Emily Blunt Hopes 'Sicario' Brings About 'Great Discussion'
“One of the strongest themes in this film is these cycles of violence,” Blunt said. “And is that necessarily the solution — to meet violence with further violence?"
After more than a decade starring in comedies and love stories, Emily Blunt has become the fatal female of choice recently for clever, fresh summer blockbusters. The English beauty was a shotgun-packing single mom in 2012’s time travel thriller “Looper.” She was Tom Cruise’s first choice to play a steely supersoldier in last year’s sci-fi war film “Edge of Tomorrow.” Each time she delivered sharp lines and solid scenes as effective as body shots.
Her newest role takes her into panic territory and beyond. The white-knuckle crime thriller “Sicario” puts her in the midst of a brutal turf war in the no man’s land around the U.S.-Mexico border. It is, she says, the most socially important film she has made.
“That’s what I want,” Blunt said in a recent phone conversation, “and I think it’s a film that will cause great discussion.”
“Sicario” (Spanish for hit man) is connected to pain in each scene, sometimes bloody, sometimes heartbreaking. Blunt plays an idealistic Arizona-based FBI agent who leads a kidnap response team. Drafted into a classified federal operation against vicious Mexican drug cartels, she enters a world that is incoherent to her. Co-stars Benicio Del Toro and Josh Brolin play her ruthless supervisors, breaching the border with secret raids to exterminate the enemy. Blunt’s character constantly struggles to do the right thing in a war where moral certainty doesn’t seem to exist.
It is a barren view of ongoing havoc. Blunt said she hopes it will cause audiences to carry away an attitude of “questioning their own moral compass. And what they think is the best way to deal with such an impossible issue” as how wars on terror inflame terrors of their own.
“One of the strongest themes in this film is these cycles of violence,” she said. “And is that necessarily the solution — to meet violence with further violence? I think that is the question that this film poses to the audience. It doesn’t give an answer.
“It asks you to ask that of yourself. It’s quite confronting in that way.”
“Sicario” is not for a moment a civics lecture, said Blunt, a clever, lively conversationalist who is far from stuffy or staid even on serious subjects.
“It was a quite spare, minimalistic, claustrophobic film,” she said. “And we actually cut a lot more of the dialogue that was in the already spare script” by actor and screenwriter Taylor Sheridan. Director Denis Villeneuve “is all about the power of suggestion,” and cinematographer Roger Deakins’ widescreen lensing “shoots things in the most emotional, mood-infused way,” allowing the cast to be more quietly internal than conversational.

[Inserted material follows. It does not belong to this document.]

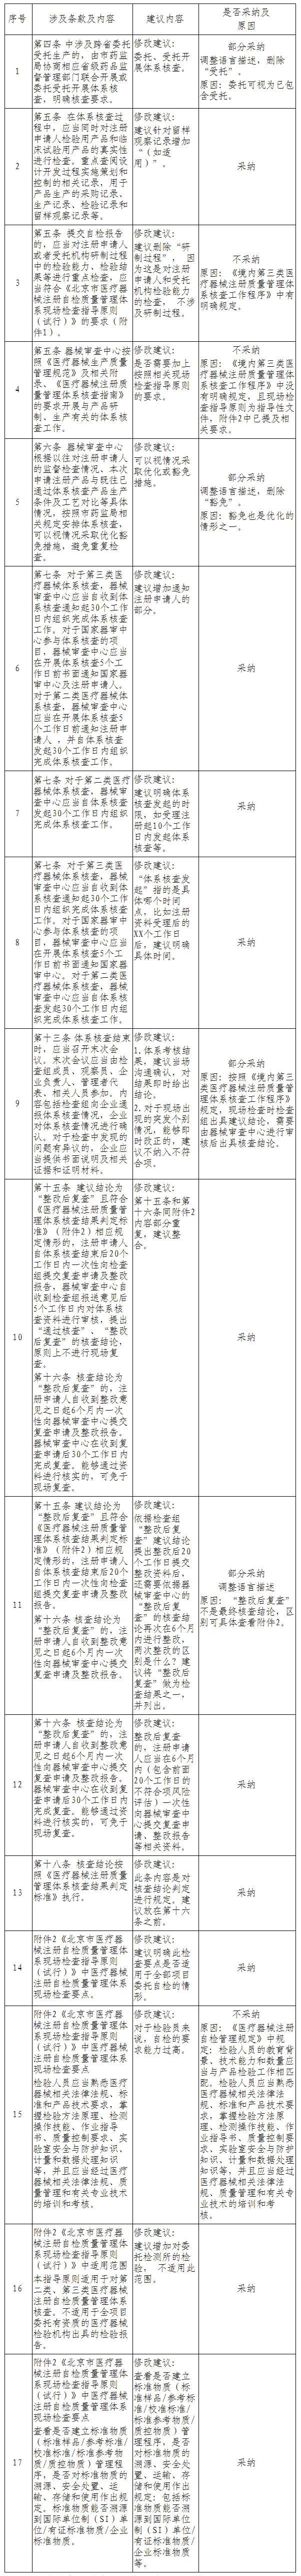 北京市药品监督管理局关于对《北京市医疗器械注册质量管理体系核查工作程序(征求意见稿)》公开征集意见的反馈

The mysterious aims of the controlling characters keep viewers anxiously looking for clues, adding a rich element of suspense. “The audience is not patronized with this film,” she said. “I think they are as in the dark as your lead character, and I think that’s really refreshing. You have to do your best to keep up with the film.”
Blunt considers most scripts “so overwritten with so much excess baggage that the actors have to just make it work most of the time. There are scenes that are very hard to do when you feel it’s strictly expository. You feel so grateful not to have to explain everything.”
Blunt was delighted to work with Deakins, one of the industry’s most admired cameramen, whose work includes “The Shawshank Redemption,” “Skyfall” and “No Country for Old Men.”
“Anytime you see his film, you know it,” she said. “It’s just quite singular. They just glow and transport you in a really sort of tense and confronting way. His shots are beautiful but always quite arresting. It’s certainly not paint by numbers.”
Villeneuve works with his individualist signature as well, Blunt said, helping her create a character who finds the line between right and wrong growing blurry. Her dimming view of morality is echoed in a nightmarish chase where she wears night vision goggles while racing through unlit subterranean tunnels leading to a drug gang’s Mexican nerve center.
“We actually did shoot in pitch black,” she said with a laugh. “And I thought, ‘Oh, great, we’re going to be given night vision goggles. This is so awesome.’ And then we were handed our fake eye vision goggles. We were effectively just wearing an eye patch. So you were even more unstable on your feet. That maze of tunnels they built was quite challenging as well. Everyone was just bent over the whole time for a week.
“I fell outside and landed on sand, so that was OK. People banged their heads a few times, so there were bleeding heads. Specifically, for somebody as tall as Benicio, the tunnels were a nightmare. I think he had to go see a chiropractor after that scene!”